The Devil Gets His Due (The Devils #4)(88)



He winces. “Or we could, you know, just call her by her actual name.”

“I nearly died, Graham.”

“Daisy it is, then,” he replies.

Her tiny moving mouth slows, then stops.

“She’s sound asleep already,” I whisper. “She got that from you.”

He lowers the side of the bed and sits beside me. I place her in his arms and he swallows hard as he takes her in, his eyes bright once more.

“Hello, Daisy,” he whispers. Her tiny hand wraps tight around his pinky and I rest my head against his arm. There’s no one alive I trust more. I’m so glad she’ll have him to lean on.

I’m so glad we both will.





Our daughter remains in the hospital for four days, and after pulling some strings, we’re allowed to stay with her. Just before she’s released, Graham goes to install the car seat in the back of the Volvo. Daisy’s asleep in the nursery, so I roam the halls, catching up with people.

Dr. Patel is not supposed to be one of them.

“Do you have a minute?” he asks.

“Do you have another case of Mycobacterium marinum you want me to diagnose?” I ask with a small laugh.

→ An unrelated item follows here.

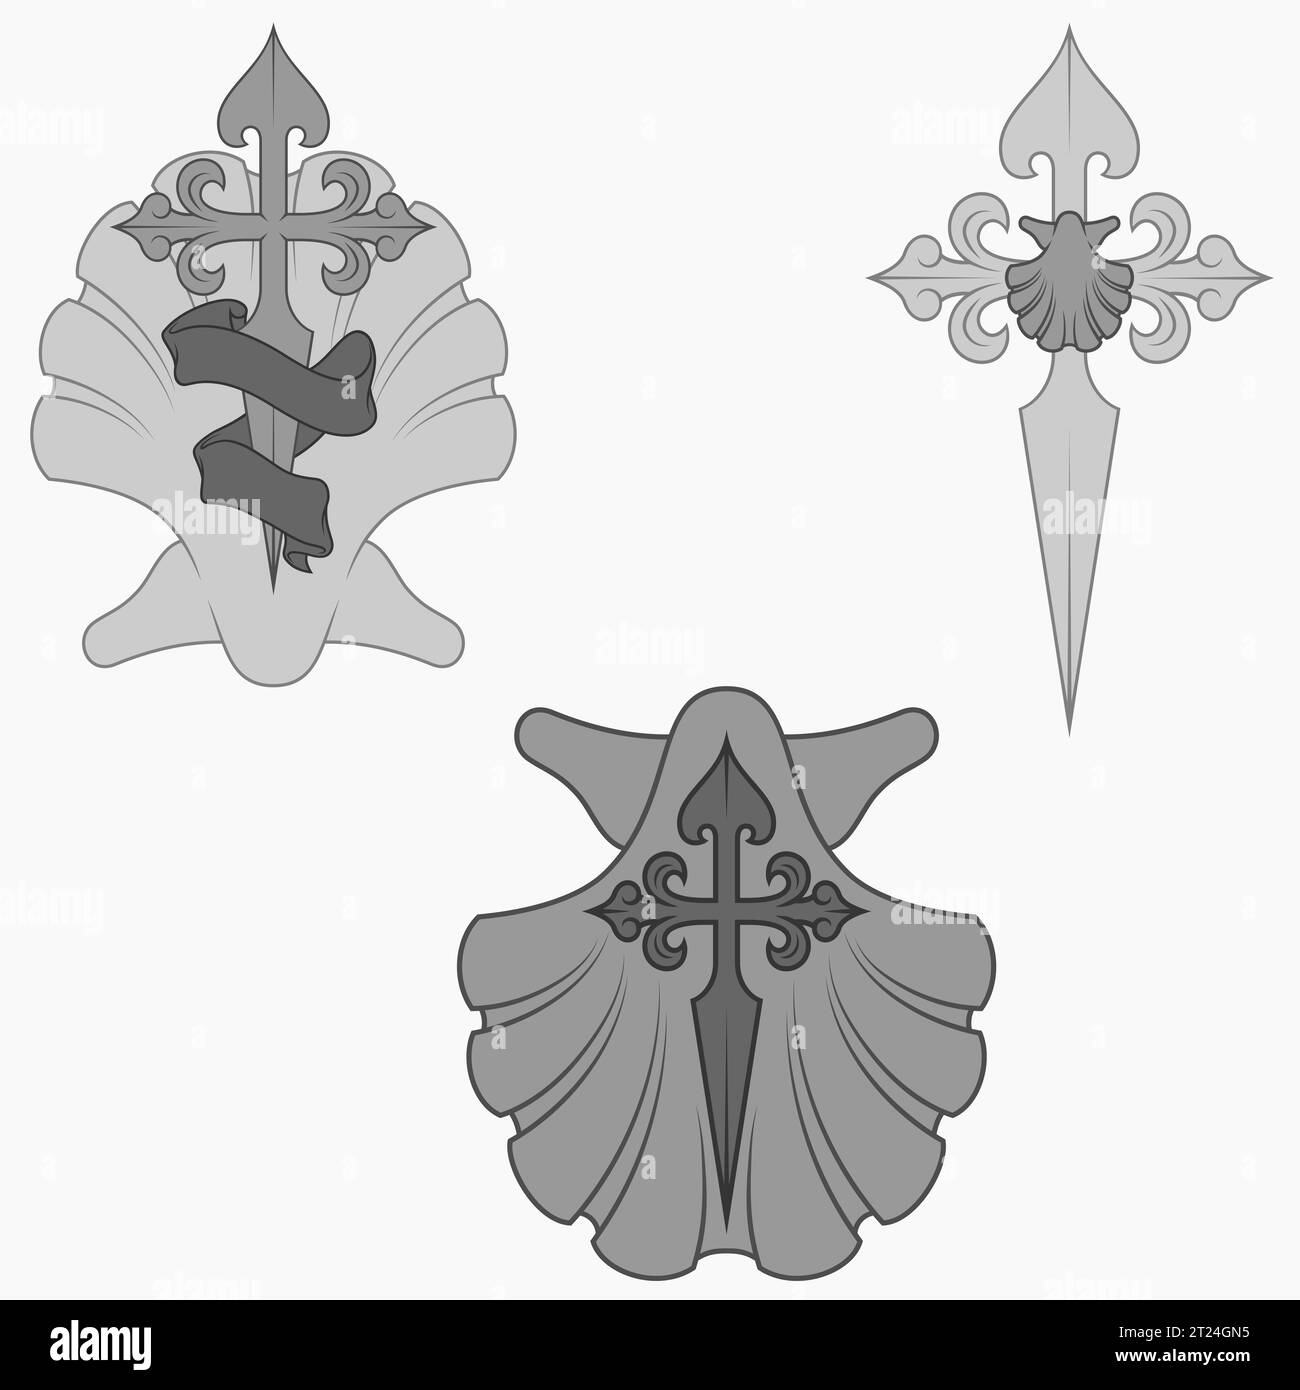 Disegno vettoriale della simbologia cristiana dell'apostolo santiago, croce di santiago con capesante, spada e nastro Illustrazione Vettoriale
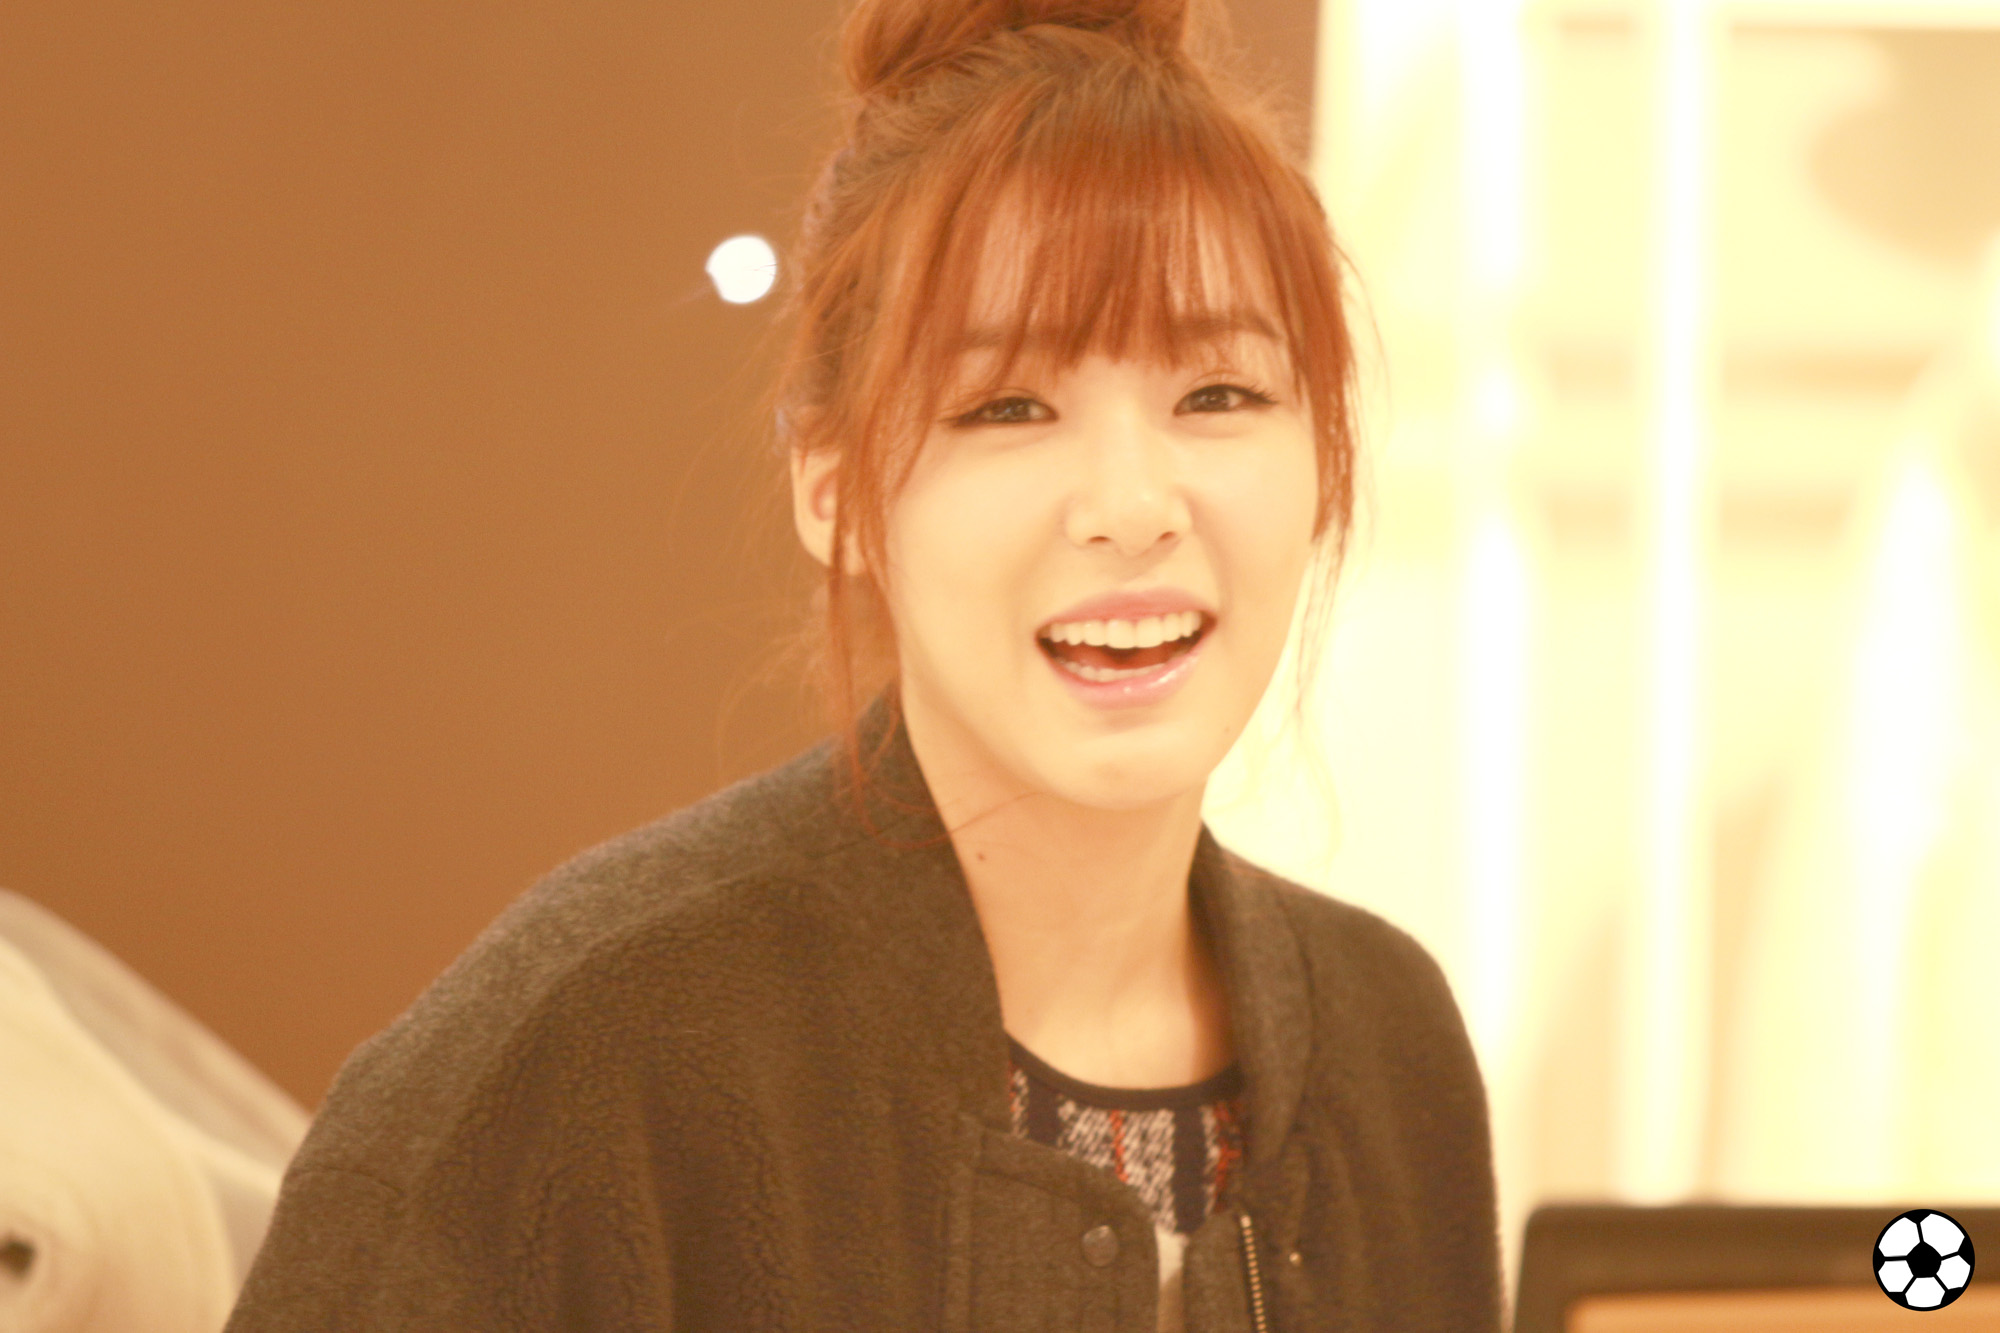 [PIC][28-11-2013]Tiffany ghé thăm cửa hàng "QUA" ở Hyundai Department Store vào trưa nay - Page 3 26410D4F5298BA6809C352

He smiles. “Still resentful over that, I see. Come along. I need coffee.”

I guess I can hear him out. I’ve been realizing this week how much I missed a lot of things about working in the hospital.

“I saw your segment on Mindy and Mills,” he says as he pours coffee into his cup.

“I don’t suppose you’re going to tell me I was amazing.”

He raises a brow. “You did actually attend medical school. It would be sad if you couldn’t do those things.”

Which is exactly what I said, but he could have humored me.

“You did, however, remain commendably composed,” he continues. “I assume you asked the surfer if he had a tetanus shot?”

I roll my eyes. “Of course I did.”

“And the newborn—you felt for the cord as you pulled him out? And you cleared his nose right away?”

He’s really pissing me off now. “Yes.”

“Do you know why I’m asking you these questions, Keeley?”

“I assume it’s because you think I’m incompetent.”

“No.” He takes a sip of his coffee. “It’s because every doctor misses things at some point, and it’s learning from those misses that turns you into a better doctor. You didn’t ask a patient with fish handlers’ disease what he did for a living, but I bet you never do it again.”

I frown. I suppose he’s right. “It still felt like you singled me out. You gave me a patient with a rare disorder and then described in detail how I messed up.”

“I absolutely did single you out,” he agrees, setting his coffee down. “Has it ever occurred to you, though, that I perhaps did that because I knew you could figure it out, and suspected the others wouldn’t?”

I grin. “So you’re saying I’m actually the greatest resident you ever had?”

He laughs. “No, far from it. But you could become a very good doctor. And if you ever tire of telling rich women which retinol to use, I’d be happy to find a place for you here.”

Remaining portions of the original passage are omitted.